Sono certo che sia una precisazione pleonastica ma sottolineo che non ho nessuna intenzione di suggerire indicazioni di natura religiosa, sto parlando di una laica consapevolezza di incompletezza, di fallimento, sto esortando alla ricerca di quel lato imprescindibile che ci rende esseri umani, non produttori consumatori, non fruitori di media, non esibizione di esteriorità ma abissi affascinanti da scoprire; sto parlando della meravigliosa complessità dell’essere umano che rischia di banalizzarsi nella celebrazione di elementi che, se privati del fondamento archetipico di ogni individuo, possono riportarci al livello di animalità precoscienziale, di virtualità assurta a vita, di androidi predeterminati senza libertà, senza colpa e senza possibilità di volo.

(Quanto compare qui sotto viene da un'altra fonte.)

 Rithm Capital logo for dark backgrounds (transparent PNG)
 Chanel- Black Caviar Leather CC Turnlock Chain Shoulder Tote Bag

Temo che l’uomo di oggi abbia abdicato al suo compito peculiare, la ricerca e la costruzione di sé, è tornato a essere un adolescente spaventato davanti a ogni difficoltà, peggio, che l’adolescente ne sarebbe inconsapevole, in lui è scelta, vigliacca fuga, abdicazione a se stesso. Il materialismo dilagante richiede un miope atto di fede, è una religione senza dio. Sopravviviamo sorridenti e sconfitti come tanti Orfeo senza memoria di Euridice; eroi fraintesi come tanti Adamo spaventati da Eva; scimmie in fuga come tanti Cosimo orfani dell’amore per Viola. Credo sia importante comprendere che il “varco” vada attraversato per non ridurlo a purulenta ferita, sono convinto che fingere che non esista sia il pericolo maggiore. In “Ricerche sul simbolismo del Sé” di Jung possiamo leggere: ”quando un fatto interiore non vien reso cosciente, si produce fuori, come destino. Ossia, quando il singolo rimane indiviso e non diventa cosciente del suo antagonismo interiore, il mondo deve per forza rappresentare quel conflitto e dividersi in due”; ma qui non sto riferendomi a “fatti interiori”, piuttosto alla scissione che ci abita che può armonizzarsi solo se se ne prende intima consapevolezza. In quanta letteratura si narra del Doppelganger, e sempre in maniera inquietante, ma chissà che un atto di “profondo amore che apra alla intima condivisione” non consenta al “viandante della vita” di smettere di essere solo e imparare a camminare tenendosi per mano.

Per un Pensiero Altro è la rubrica filosofica di IVG, a cura di Ferruccio Masci, in uscita ogni mercoledì.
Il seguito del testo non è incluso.